→ **Your instructions**
Gather all lines in the data that hold the string "with".

→ **Data**
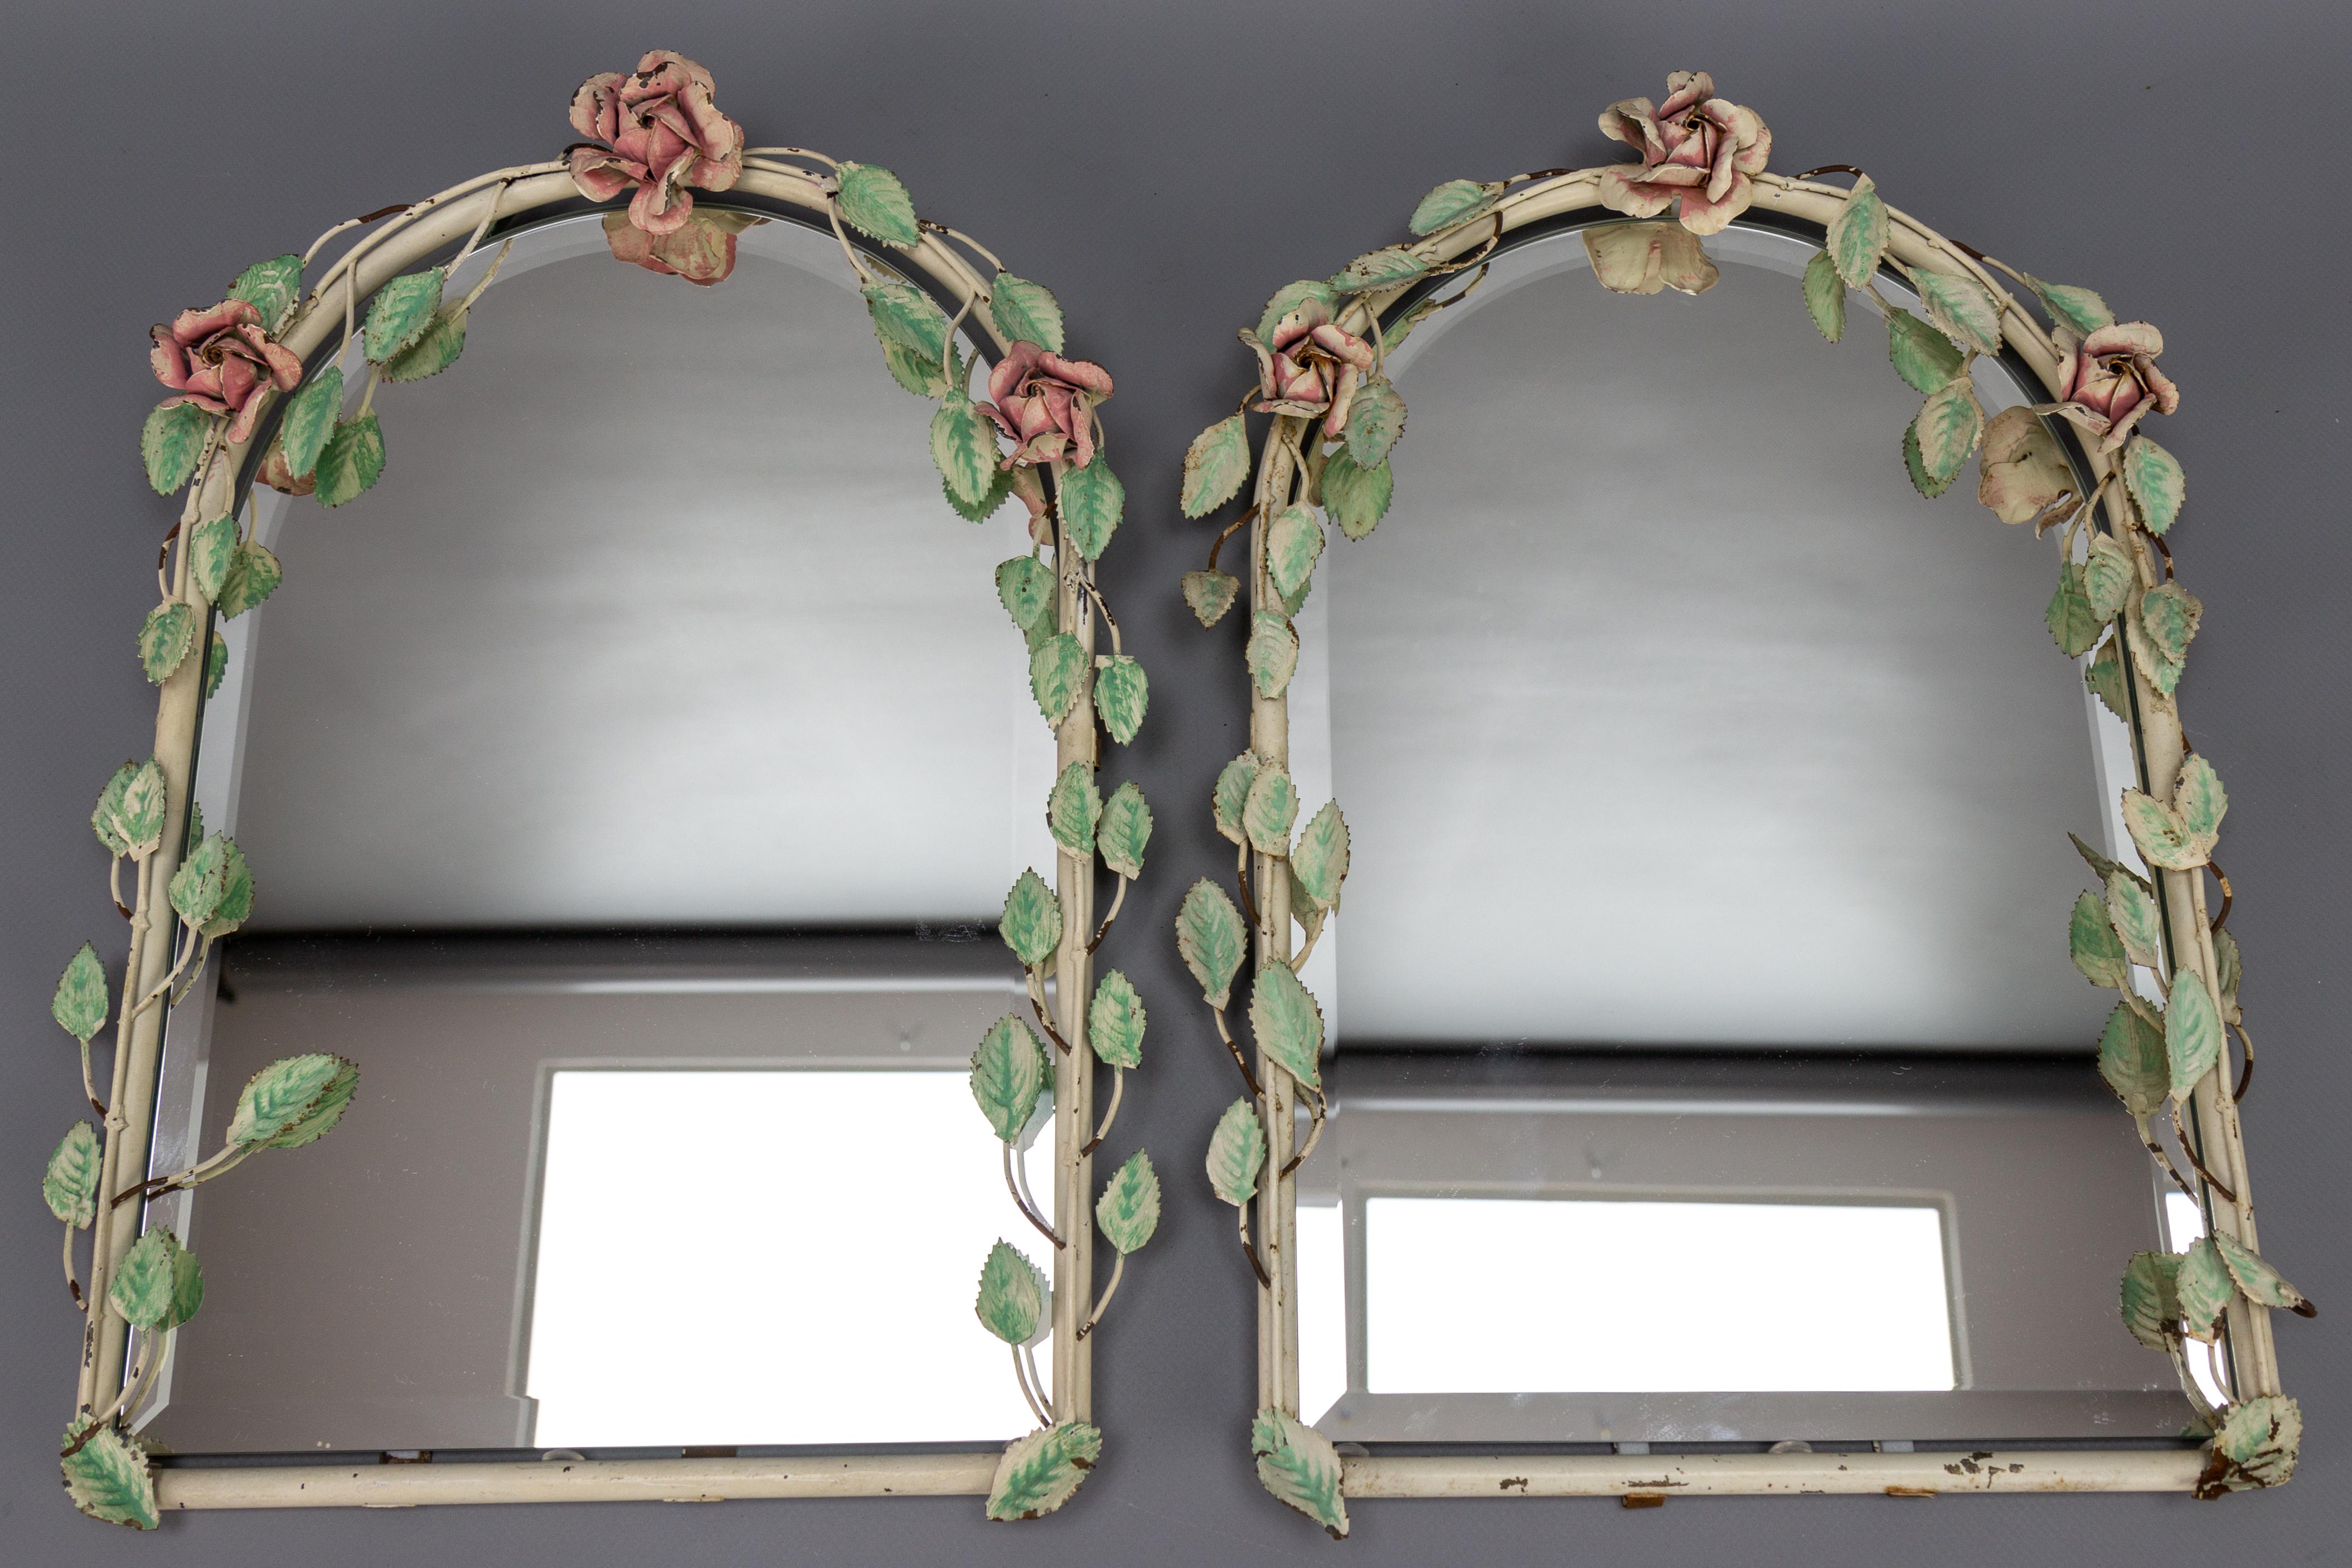 Pair of Italian painted tole flower wall mirrors, 1950s.
This beautiful pair of Italian wall mirrors features a tole-painted pastel color frame with roses and rose leaves and beveled edge mirrors.
In good condition with some flaking to paint and
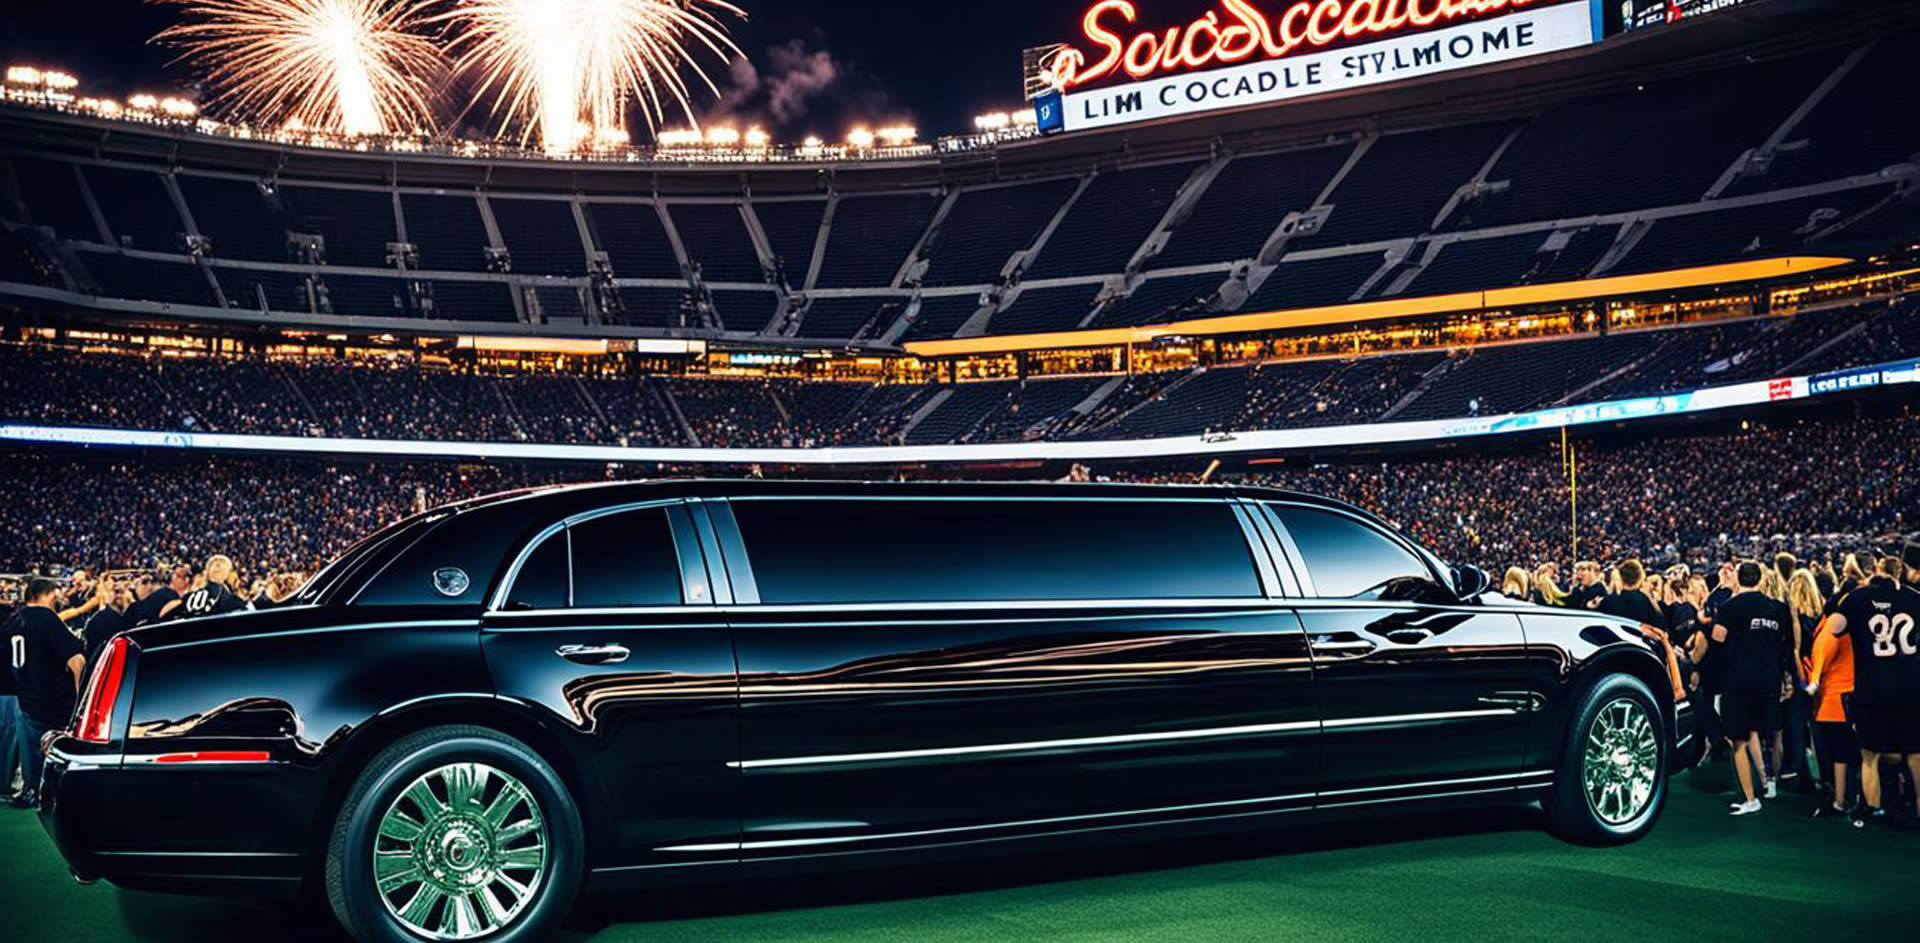 Scottsdale limo service at sporting event

→ **Problem solution**
This beautiful pair of Italian wall mirrors features a tole-painted pastel color frame with roses and rose leaves and beveled edge mirrors.
In good condition with some flaking to paint and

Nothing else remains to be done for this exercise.